We start off chronologically. The 2021 Berlinale Competition entry What Do We See When We Look At The Sky? is one of the best films of the year. It is, without fear of being accused of hyperbole, a timeless and transcendent modern masterpiece. Aleksandre Koberidze’s Georgian-German co-production is a gorgeous fairytale that explores the magic of chance encounters, as well as celebrating the extraordinary that we so often dismiss as the humdrum of day-to-day life.

Picture the scene. You randomly bump into someone, pick up the book they just dropped and without warning, that’s it: somehow, you’ve fallen in love right then and there. We witness this Bressonian meet-cute between pharmacist Lisa and footballer Giorgi, who arrange a date for the following evening. Disaster strikes when the Evil Eye casts a spell on them and transforms their physical appearances, meaning that when the two cursed would-be lovers show up to the rendez-vous, they no longer recognise each other…

It is, without fear of being accused of hyperbole, a timeless and transcendent modern masterpiece

The lush, transportive cinematography by Iranian DP Faraz Fesharaki makes the Georgian town of Kutaisi feel like a timeless bubble, creating a dream-like haze which unblurs in a gently poetic resolution that can be interpreted as an ode to cinema and its transformative effects. What Do We See When We Look At The Sky is a beautifully romantic and mischievous folktale whose ruminations on identity, perception and the magic of the everyday strike an invigorating chord and represent the very best the Berlinale has to offer.

Comparatively, there’s much less to say about 2022’s Competition entry, Rabiye Kurnaz Vs George W. Bush. This deflating misstep tells the true story of the titular middle-aged Turkish-German woman (Meltem Kaptan) and her fight to release her 19-year-old son, Murat (Abdullah Emre Öztürk), from Guantánamo Bay.

Pandora Film Verleih

While that logline may seem like it’s preparing you for a harrowing drama in the vein of Kevin Macdonald’s The Mauritanian, director Andreas Dresen has decided to play it for laughs. A bold move for this fight-for-justice story, but the feel-good tone here feels exasperatingly shallow and, in the absence of decent satire, at times trivialising of the issues it addresses. Visually resembling a made-for-TV piece, the film is not helped by its prosaic leanings and the fact it seems to exist only as a showcase for German-Turkish comedian and TV presenter Meltem Kaptan. Her spirited performance won her the Best Leading Performance at the festival, and she is without a doubt the main draw of this well-intentioned but flat film. As for the fact that Rabiye Kurnaz Vs George W. Bush bafflingly won the Best Screenplay award, this only shows to what extent the Jury were clearly scrapping the bottom of the barrel in a depressingly underwhelming 2022 Competition selection.

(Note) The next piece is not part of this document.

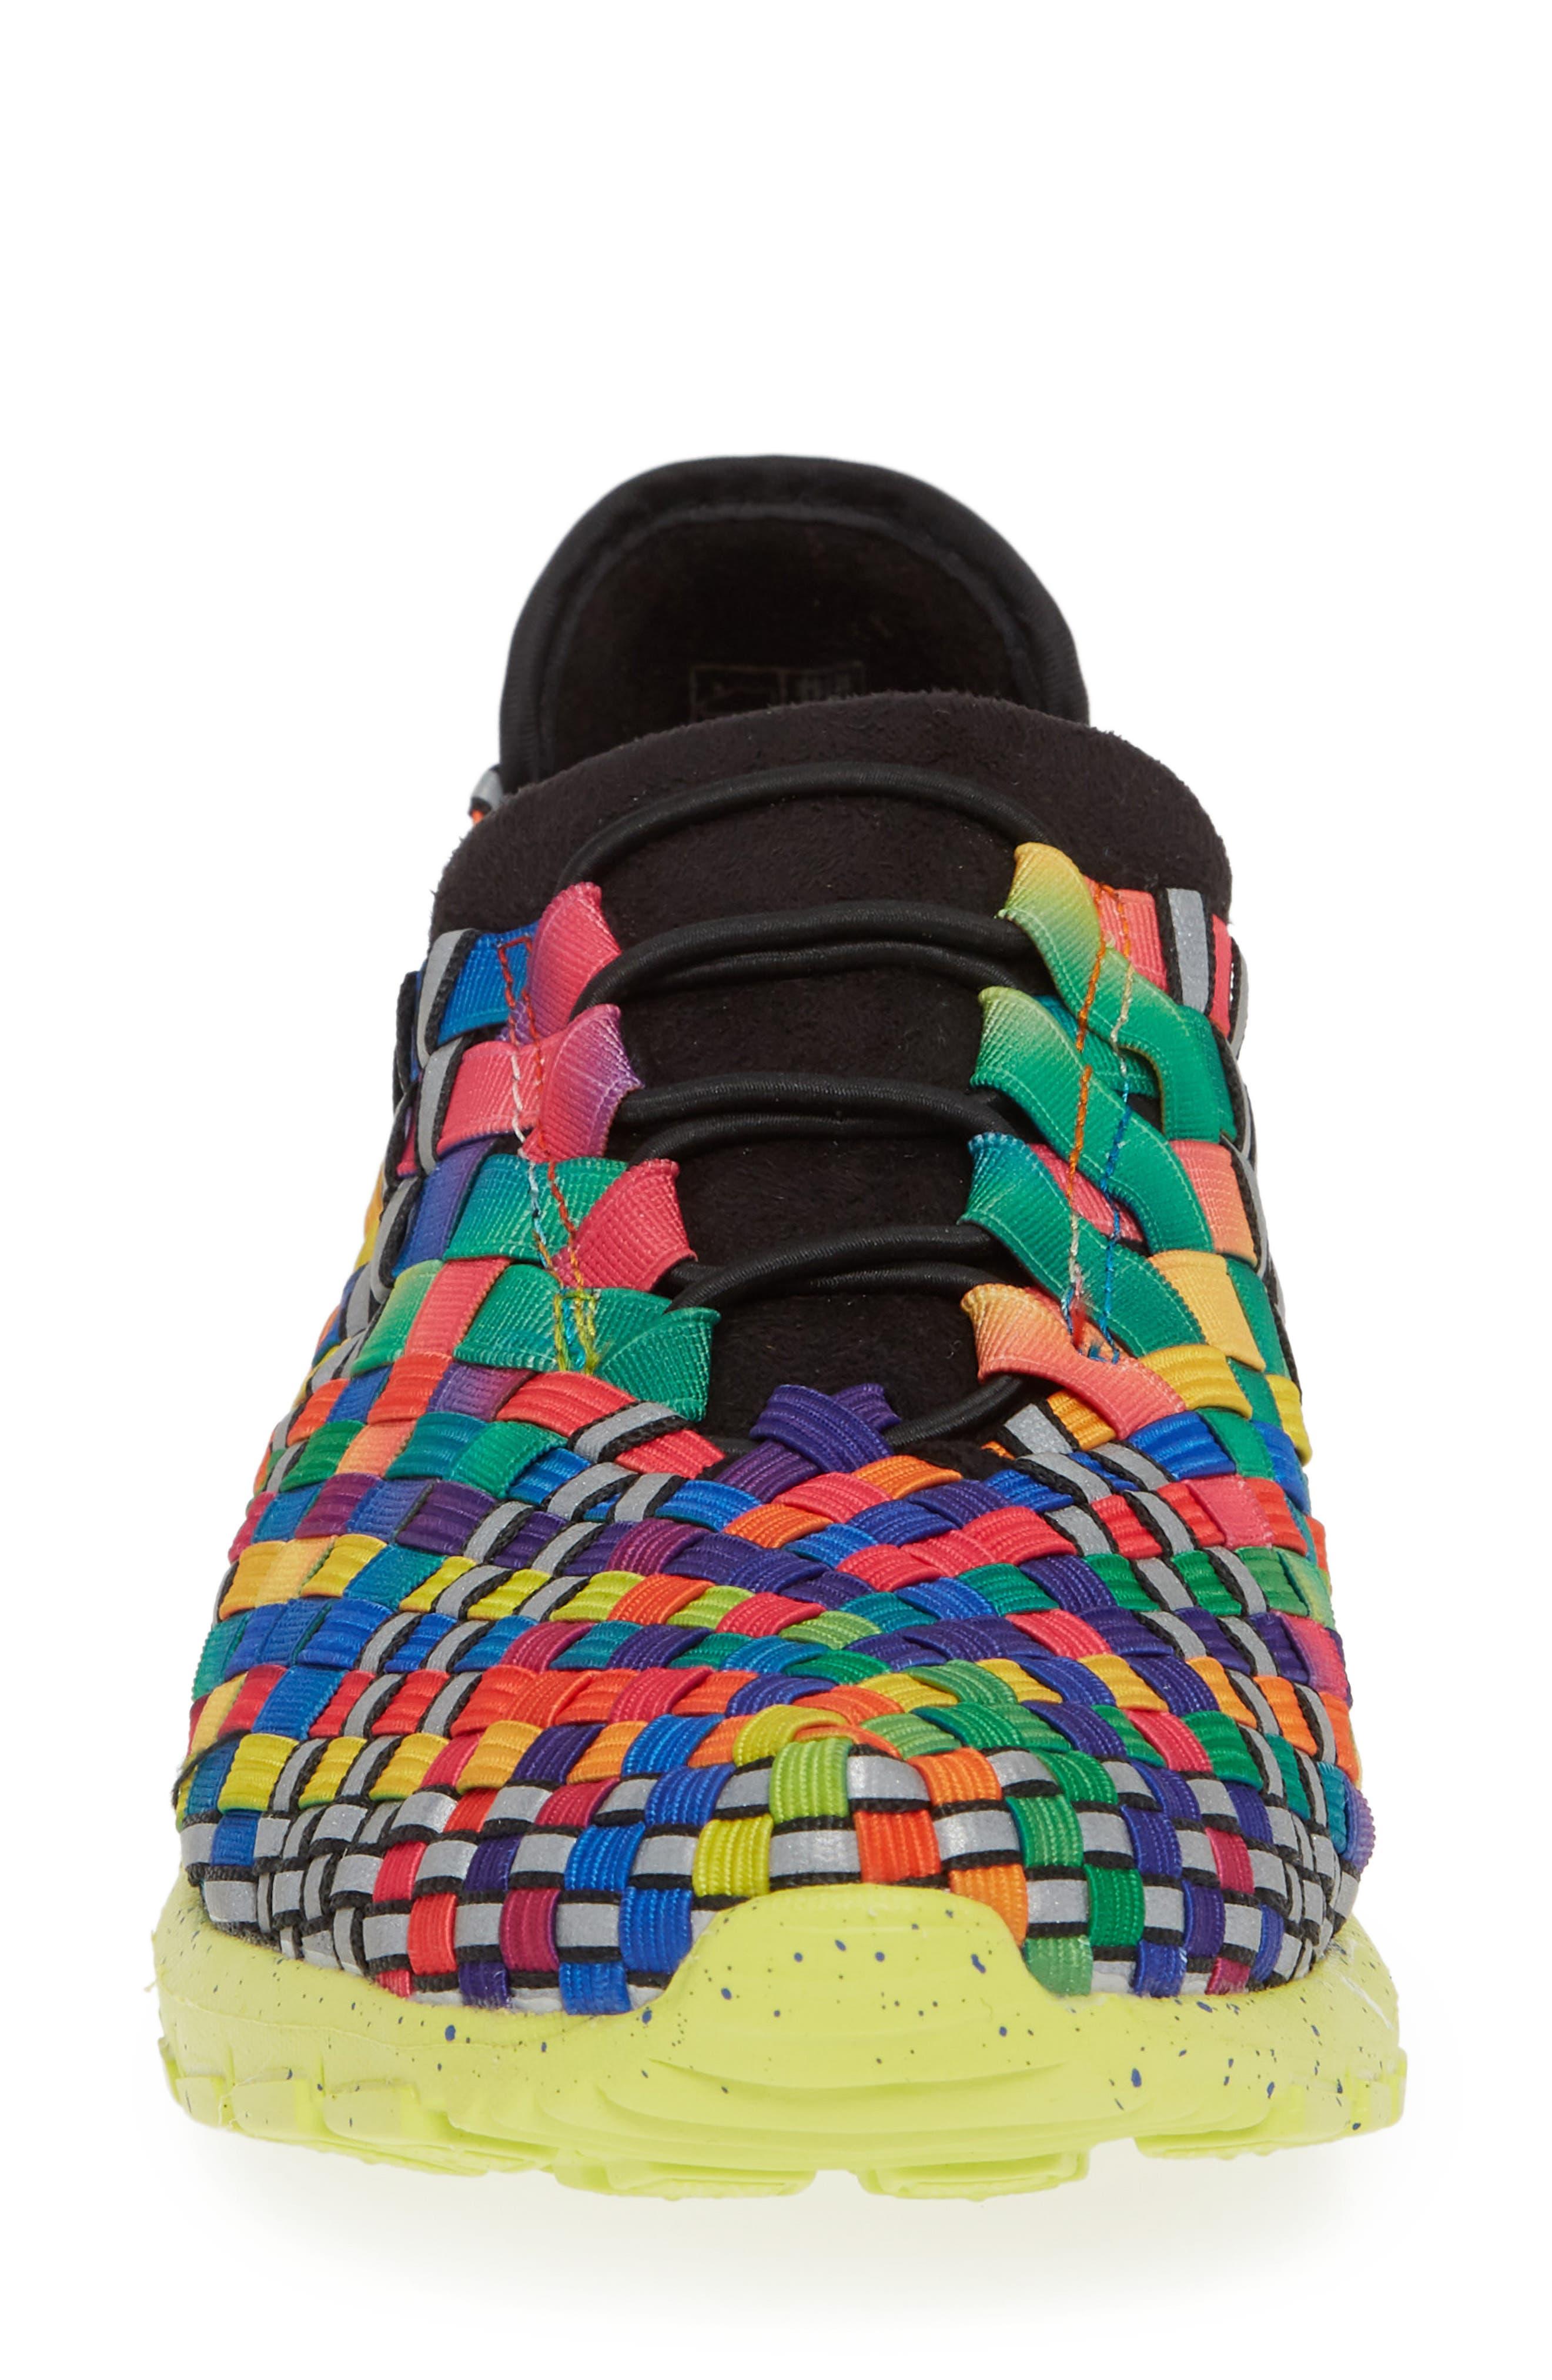 Runners Victoria Sneaker,                             Alternate thumbnail 4, color,                             Black Multi Reflective Fabric
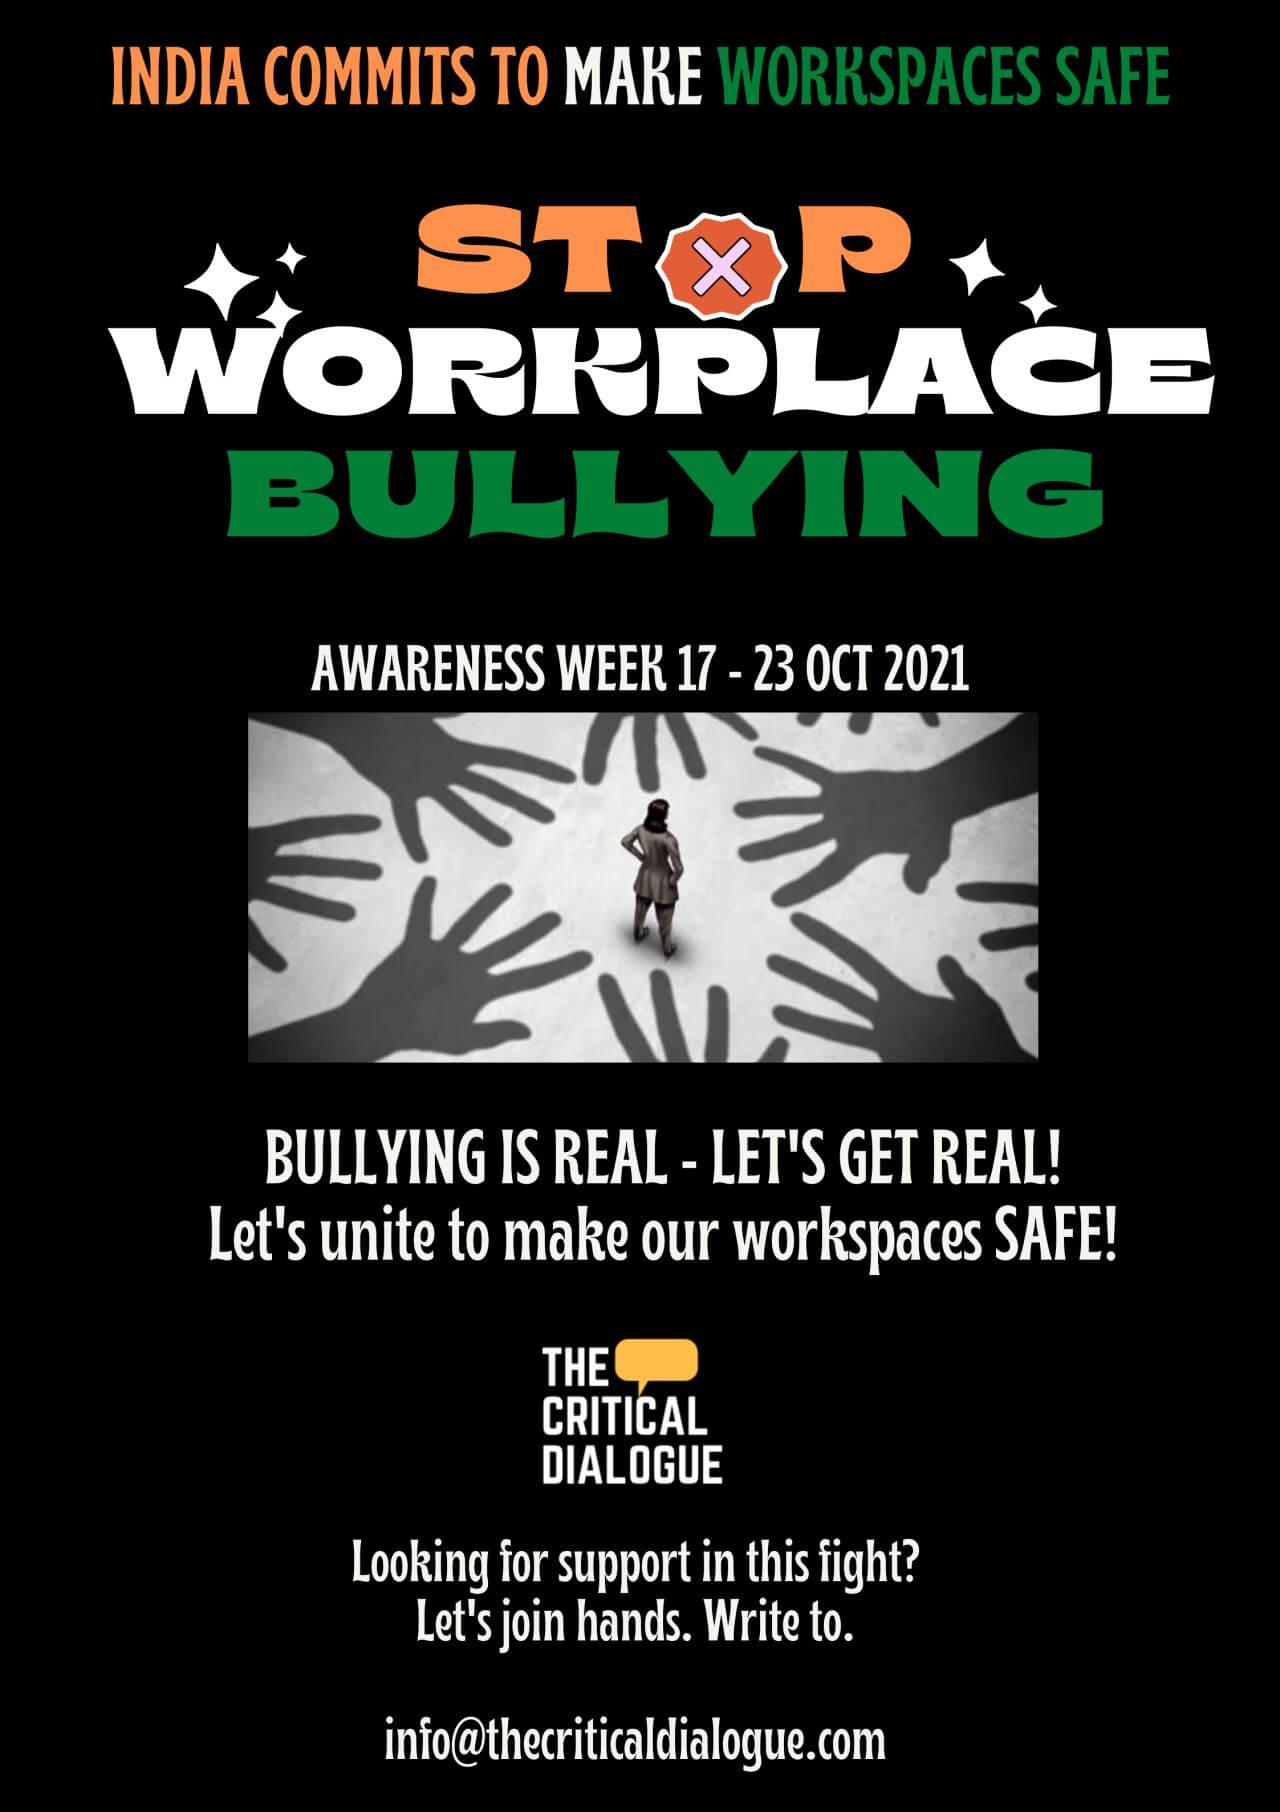 Workplace Bullying Awareness Week 2021, India

So, for the love of all that’s good and pure, choose to bypass the 2022 vintage and look back to last year’s cream of the crop. And if you choose to resist the charms of What Do We See When We Look At The Sky?, you too will be deserving of the Evil Eye’s dastardly ways.

What Do We See When We Look At The Sky? ★★★★★

Starts Apr 4

D: Aleksandre Koberidze (Georgia, Germany, 2021), with Ani Karseladze, Giorgi Bochorishvili, Oliko Barbakadze.

Rabiye Kurnaz Vs George W. Bush ★ ★

Starts Apr 28

D: Andreas Dresen (Germany, 2022), with Meltem Kaptan, Alexander Scheer, Abdullah Emre Öztürk.